Your response should be a copy of each line in the listing below that includes the word "Winter".
================================
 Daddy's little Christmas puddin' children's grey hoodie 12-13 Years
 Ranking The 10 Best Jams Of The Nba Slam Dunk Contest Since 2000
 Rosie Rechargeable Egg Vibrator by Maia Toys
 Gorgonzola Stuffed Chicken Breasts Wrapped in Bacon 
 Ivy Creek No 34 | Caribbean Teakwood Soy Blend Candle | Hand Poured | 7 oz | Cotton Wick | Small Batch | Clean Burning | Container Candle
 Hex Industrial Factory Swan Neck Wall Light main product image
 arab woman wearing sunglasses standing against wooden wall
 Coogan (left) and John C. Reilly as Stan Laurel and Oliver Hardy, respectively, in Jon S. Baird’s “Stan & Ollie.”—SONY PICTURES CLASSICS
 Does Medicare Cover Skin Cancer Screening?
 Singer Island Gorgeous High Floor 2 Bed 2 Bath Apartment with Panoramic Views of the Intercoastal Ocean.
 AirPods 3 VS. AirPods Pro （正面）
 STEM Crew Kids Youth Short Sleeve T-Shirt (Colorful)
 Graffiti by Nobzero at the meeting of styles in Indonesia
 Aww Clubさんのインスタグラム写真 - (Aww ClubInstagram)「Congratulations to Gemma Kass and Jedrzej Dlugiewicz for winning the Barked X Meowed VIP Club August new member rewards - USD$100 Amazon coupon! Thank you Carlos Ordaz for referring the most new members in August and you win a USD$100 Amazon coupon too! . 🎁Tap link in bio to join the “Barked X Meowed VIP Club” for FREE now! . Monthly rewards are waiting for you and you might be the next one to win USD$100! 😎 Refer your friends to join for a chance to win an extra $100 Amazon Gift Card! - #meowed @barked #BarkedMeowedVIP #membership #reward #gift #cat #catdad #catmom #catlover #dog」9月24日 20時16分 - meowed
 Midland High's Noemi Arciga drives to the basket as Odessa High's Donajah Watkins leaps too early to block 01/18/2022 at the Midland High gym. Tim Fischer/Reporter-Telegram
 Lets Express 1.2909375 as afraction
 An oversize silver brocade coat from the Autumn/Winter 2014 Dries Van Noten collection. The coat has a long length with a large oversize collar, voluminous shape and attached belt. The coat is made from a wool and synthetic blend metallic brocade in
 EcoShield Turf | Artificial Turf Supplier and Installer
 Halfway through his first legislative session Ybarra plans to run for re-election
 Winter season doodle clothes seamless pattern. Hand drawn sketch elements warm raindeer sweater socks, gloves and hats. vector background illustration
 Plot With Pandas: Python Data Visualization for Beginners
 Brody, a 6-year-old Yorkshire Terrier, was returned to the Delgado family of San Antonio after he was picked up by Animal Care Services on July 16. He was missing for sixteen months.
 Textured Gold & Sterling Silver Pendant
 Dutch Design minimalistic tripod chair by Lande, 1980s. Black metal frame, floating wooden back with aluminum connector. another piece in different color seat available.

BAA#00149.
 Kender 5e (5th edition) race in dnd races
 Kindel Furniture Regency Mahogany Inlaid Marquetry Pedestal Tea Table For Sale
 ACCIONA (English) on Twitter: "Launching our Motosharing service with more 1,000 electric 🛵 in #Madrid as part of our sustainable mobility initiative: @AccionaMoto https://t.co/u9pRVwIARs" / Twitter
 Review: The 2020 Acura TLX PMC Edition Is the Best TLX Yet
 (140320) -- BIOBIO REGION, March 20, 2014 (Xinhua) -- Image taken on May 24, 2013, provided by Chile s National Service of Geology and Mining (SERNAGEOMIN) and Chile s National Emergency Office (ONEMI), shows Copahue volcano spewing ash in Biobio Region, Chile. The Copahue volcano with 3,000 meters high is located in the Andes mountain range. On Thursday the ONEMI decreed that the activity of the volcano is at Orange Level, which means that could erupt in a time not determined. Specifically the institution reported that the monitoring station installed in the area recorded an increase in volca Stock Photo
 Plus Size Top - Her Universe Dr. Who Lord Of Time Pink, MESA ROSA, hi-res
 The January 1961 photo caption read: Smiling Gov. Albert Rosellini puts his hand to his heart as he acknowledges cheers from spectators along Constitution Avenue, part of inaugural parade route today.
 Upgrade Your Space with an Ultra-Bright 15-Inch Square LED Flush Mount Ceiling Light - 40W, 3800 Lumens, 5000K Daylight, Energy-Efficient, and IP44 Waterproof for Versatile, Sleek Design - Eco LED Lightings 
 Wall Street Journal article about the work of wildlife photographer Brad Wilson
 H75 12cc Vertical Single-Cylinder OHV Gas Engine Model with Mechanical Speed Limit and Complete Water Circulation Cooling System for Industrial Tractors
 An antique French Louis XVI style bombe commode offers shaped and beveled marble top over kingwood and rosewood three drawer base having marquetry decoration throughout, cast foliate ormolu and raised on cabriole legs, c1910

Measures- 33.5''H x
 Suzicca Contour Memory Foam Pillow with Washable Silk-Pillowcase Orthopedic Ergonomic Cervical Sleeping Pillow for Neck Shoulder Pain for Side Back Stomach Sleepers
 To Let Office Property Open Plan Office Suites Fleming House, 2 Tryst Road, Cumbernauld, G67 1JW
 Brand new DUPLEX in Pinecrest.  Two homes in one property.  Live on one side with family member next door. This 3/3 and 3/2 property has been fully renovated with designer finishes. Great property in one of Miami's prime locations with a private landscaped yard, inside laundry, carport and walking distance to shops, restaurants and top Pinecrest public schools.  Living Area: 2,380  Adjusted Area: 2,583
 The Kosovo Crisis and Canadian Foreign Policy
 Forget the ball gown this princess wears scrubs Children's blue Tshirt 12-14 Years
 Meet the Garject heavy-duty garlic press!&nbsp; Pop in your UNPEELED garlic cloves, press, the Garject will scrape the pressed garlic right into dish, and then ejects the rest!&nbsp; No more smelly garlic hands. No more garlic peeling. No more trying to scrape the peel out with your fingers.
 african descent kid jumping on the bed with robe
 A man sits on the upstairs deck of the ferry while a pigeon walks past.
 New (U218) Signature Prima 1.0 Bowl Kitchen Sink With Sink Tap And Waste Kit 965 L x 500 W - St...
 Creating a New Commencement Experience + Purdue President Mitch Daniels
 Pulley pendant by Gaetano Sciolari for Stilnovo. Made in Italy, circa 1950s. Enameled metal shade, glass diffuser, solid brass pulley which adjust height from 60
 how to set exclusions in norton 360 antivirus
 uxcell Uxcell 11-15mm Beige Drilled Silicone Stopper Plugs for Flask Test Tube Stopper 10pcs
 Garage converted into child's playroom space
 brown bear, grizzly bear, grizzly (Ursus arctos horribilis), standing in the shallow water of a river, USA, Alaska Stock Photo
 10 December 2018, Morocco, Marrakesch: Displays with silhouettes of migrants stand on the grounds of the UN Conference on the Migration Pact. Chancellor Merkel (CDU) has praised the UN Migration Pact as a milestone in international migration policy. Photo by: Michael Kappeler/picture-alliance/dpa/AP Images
================================
ANSWER SECTION —
 An oversize silver brocade coat from the Autumn/Winter 2014 Dries Van Noten collection. The coat has a long length with a large oversize collar, voluminous shape and attached belt. The coat is made from a wool and synthetic blend metallic brocade in
 Winter season doodle clothes seamless pattern. Hand drawn sketch elements warm raindeer sweater socks, gloves and hats. vector background illustration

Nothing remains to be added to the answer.